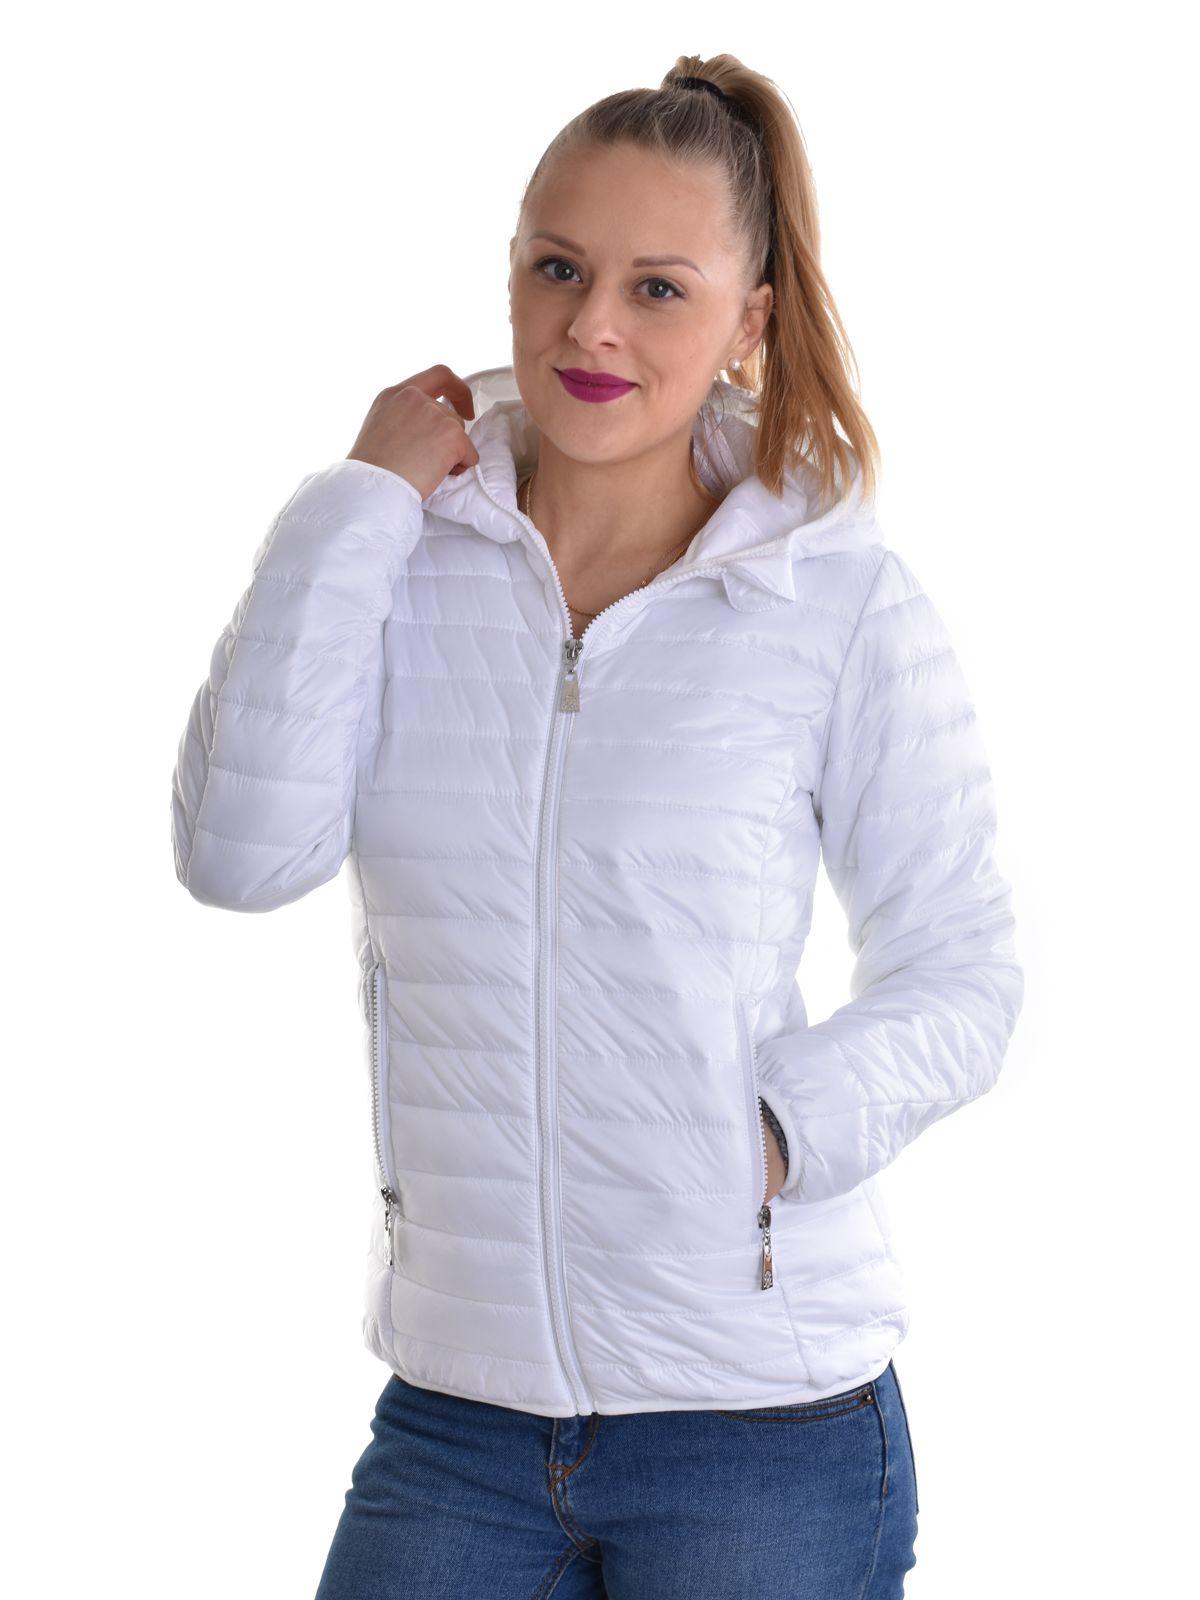 Mayo Chix női dzseki MITTEN | Markasbolt.hu Hivatalos Mayo
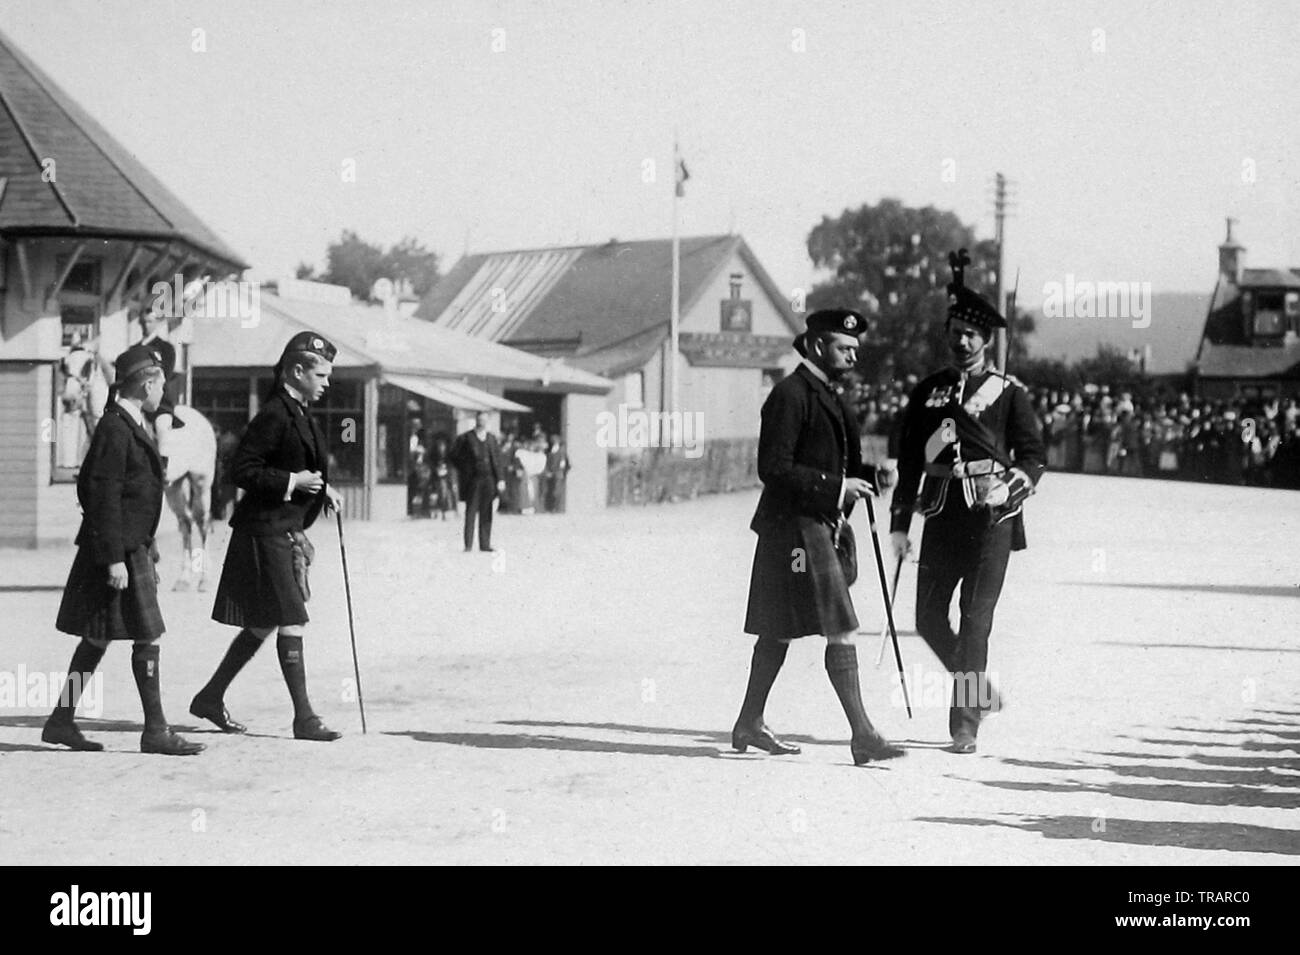 King George V, Prince of Wales and Prince Albert - Stock Image
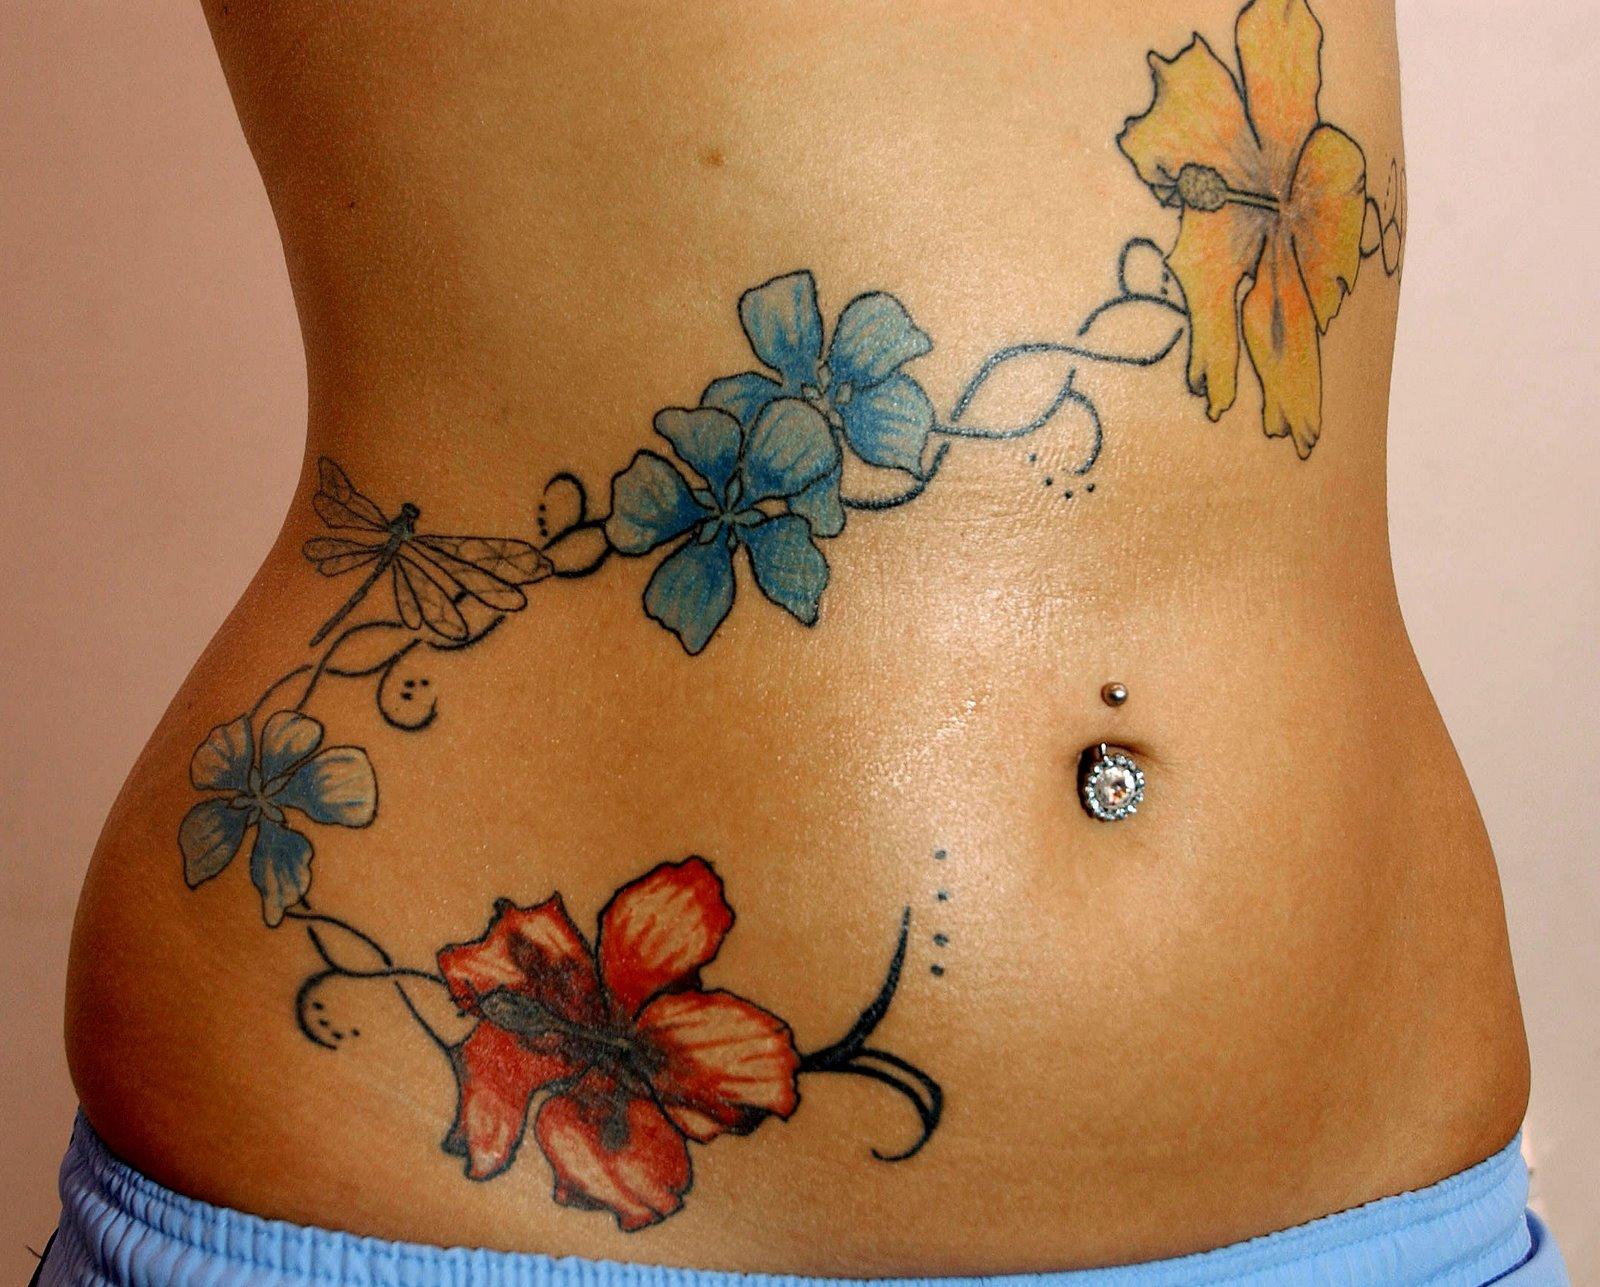 Side Flower Tattoo Designs: Eclipse: Tattoo Designs For Girls

:::::

Would you print all of the material exactly as written, minus the pictures?

 Mayo Chix női dzseki MITTEN | Markasbolt.hu Hivatalos Mayo
 King George V, Prince of Wales and Prince Albert - Stock Image
 Side Flower Tattoo Designs: Eclipse: Tattoo Designs For Girls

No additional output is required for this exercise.